Git 2.43 was officially released on November 20, 2023, and included some improvements from GitLab's Git team. Here are some highlights from the work our team has done on Git and why it matters.
Segmenting objects across packfiles
In Git 2.43, Christian Couder
added a --filter
option to the git repack
command. Supported filter (see the
filter-spec docs) can be added to the git repack --filter
flag. This will cause the filtered out objects to be
packed into a separate packfile.
A --filter-to
option was also added. Providing this option will cause Git to write the filtered packfile to the specified location on the filesystem.
Why it matters
Gitaly servers host Git repositories and incur storage costs. In many repositories however, not all the objects need to be accessed all the time. Allowing Git to offload some repository data onto a different packfile paves the way for storage optimizations whereby we can choose to segment the Git repository data and place certain kinds of objects on cheaper storage such as slower disks or object storage.
Checking object existence
In Git, to check the existence of an object one would have to rely on Git returning an error if it couldn’t find an object. However, to date, there has not been a generic way in Git to check the existence of an object. There were certain edge cases that were not handled well by the underlying Git code. For example, if a reference exists as a symbolic reference, but its target branch does not exist.
Patrick Steinhardt added the --exists
option to git show
as a generic way to check for object existence.
Why it matters
The Gitaly team has started work to upstream the reftable backend into the Git project. This new flag enables consistent validation of object existence to fix a number of tests to work with the reftables backend.
Find missing commit objects
git rev-list
's --missing
option provides information about objects that are referenced but are missing from a repository. Up to this release however, this option only worked with blobs and trees. Missing commits would cause git rev-list
to fail with a fatal error.
In Git 2.43, Karthik Nayak
extended the --missing
option to work with commit objects.
Why it matters
Gitaly's next-generation repository replication implementation relies on a write ahead log (WAL) that logs every write to a repository.
The upcoming WAL creates separate log entries per transaction – as such, some transactions contain reference updates. In these transactions, it is necessary to identify new git objects being added to the repository. The WAL implementation uses a quarantine directory to stage these new objects.

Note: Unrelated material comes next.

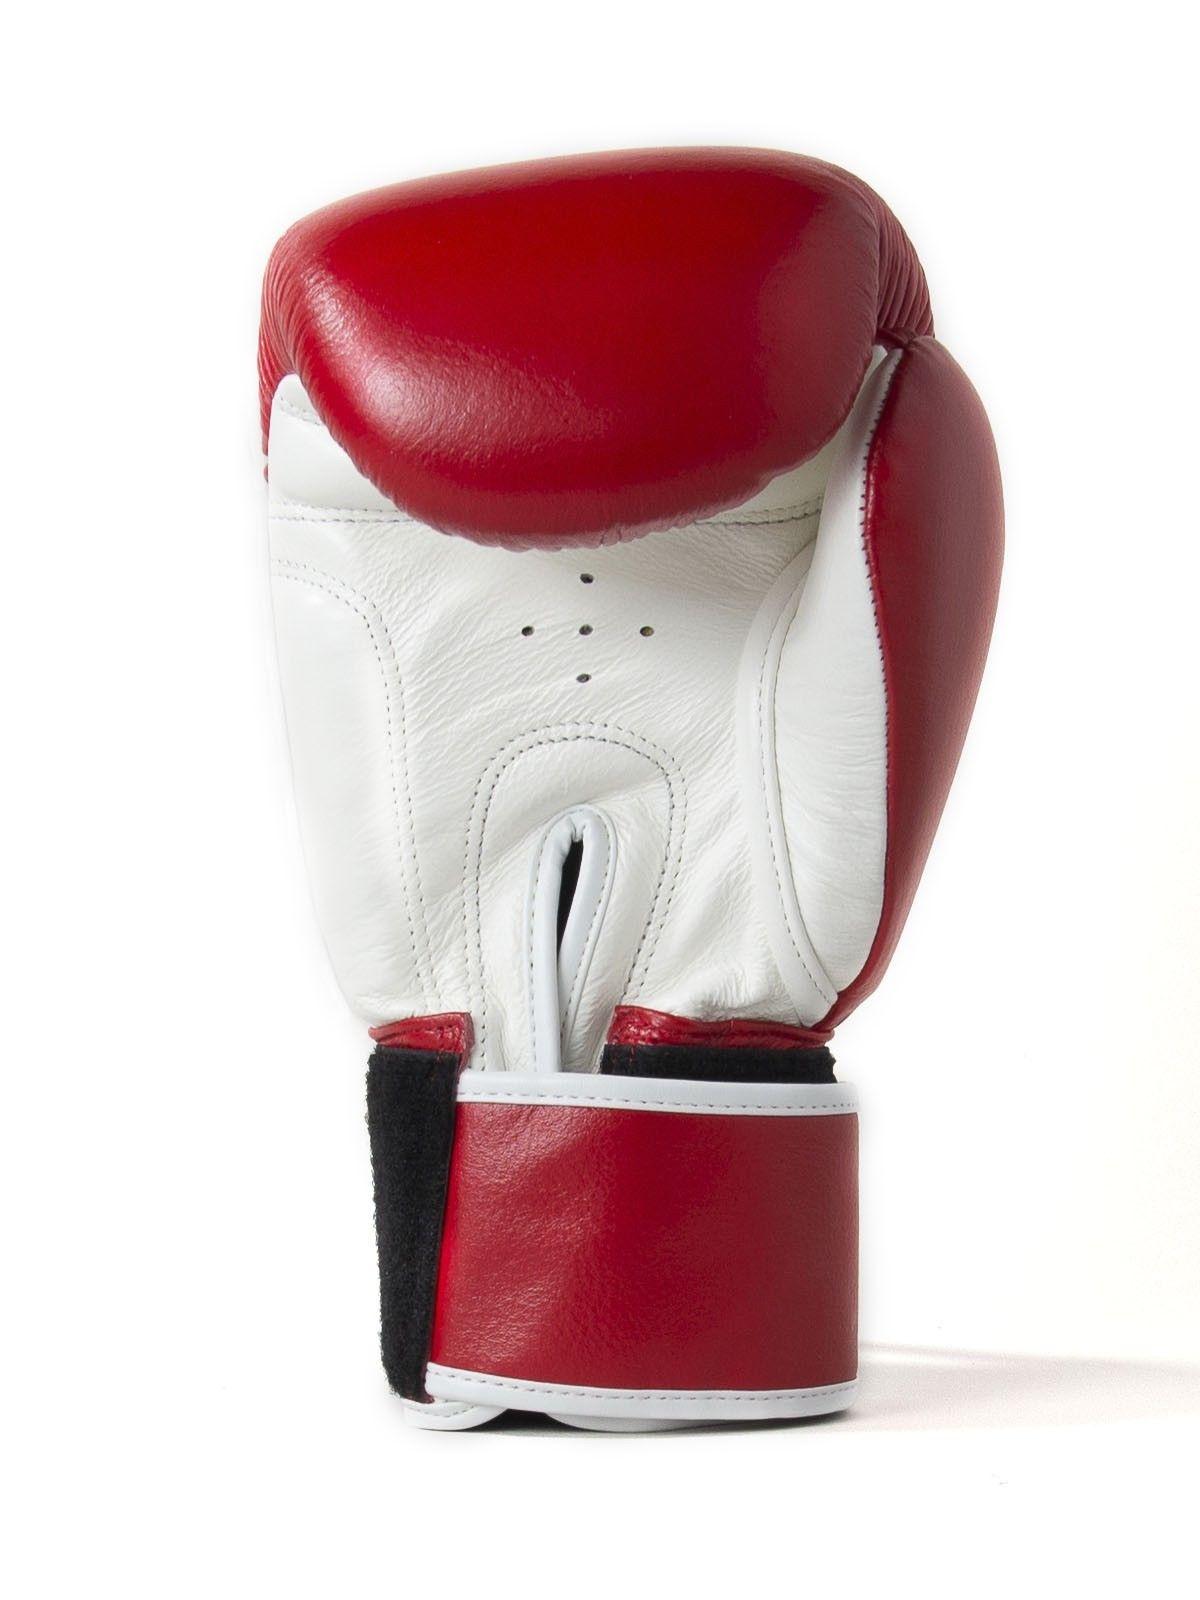 Sandee Red-White Boxing Gloves 16oz

We can now use git-rev-list(1) along with the --missing flag, to identify all the objects that are newly added and required and also boundary commits that connect the quarantine directory to the main object directory.
Read gitattributes from HEAD in bare repos
Starting in 2.43, John Cai made a change that allows Git attributes to start to read attributes from the tree that HEAD points to by default, in bare repositories.
Why it matters
To reduce some tech debt around how git attributes are read in a repository, we added the ability to pass a tree object directly to Git through the --attr-source
flag.
Passing in HEAD
to --attr-source
would fail however, when HEAD
pointed to and unborn branch, Gitaly would have needed to use a separate call to check if HEAD
were unborn before passing it in.
This change not only causes Git to read attributes from HEAD
by default, which means we don't need to pass in anything, but also silently ignores it if HEAD
is unborn, which is the behavior we want in Gitaly. This way, we don't need to make any code changes in Gitaly for this to work.

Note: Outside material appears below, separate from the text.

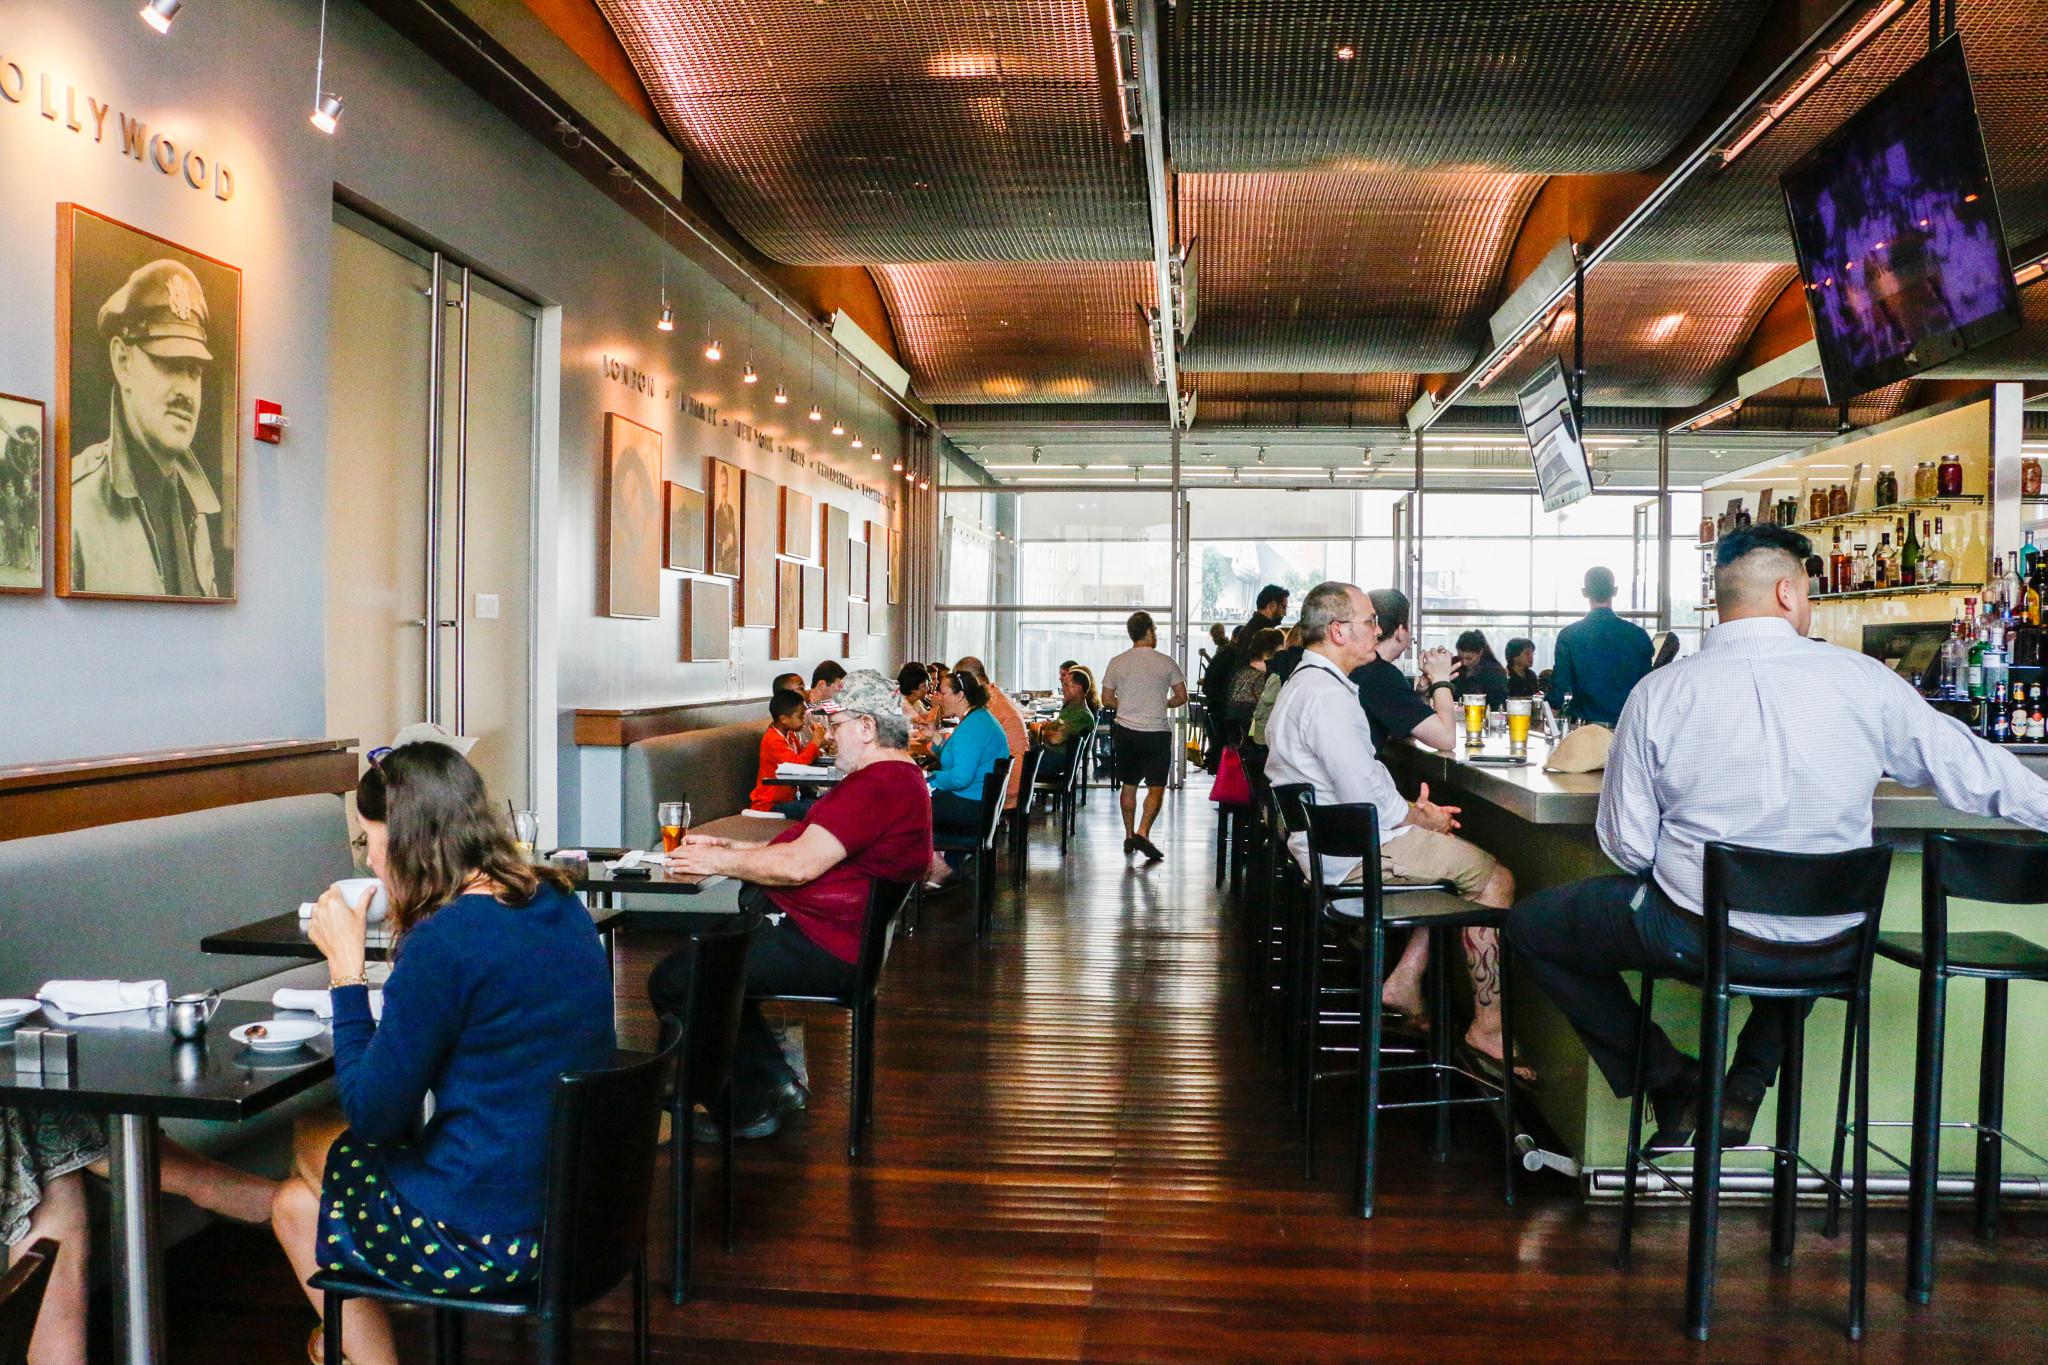 Inside The American Sector restaurant. (Photo: Rebecca Ratliff)

This leads to simplification on the Gitaly side, as we seek to remove some technical debt around gitattributes put in during a time when Git lacked support around reading gitattributes in bare repositories.
Bug fixes
Patrick Steinhardt fixed a bug in git rev-list –stdin
.
Steinhardt also addressed an existing issue in commit-graphs whereby commits parsed from the commit-graph weren’t always checked for existence. A GIT_COMMIT_GRAPH_PARANOIA
environment variable can now be turned on to always check for object existence.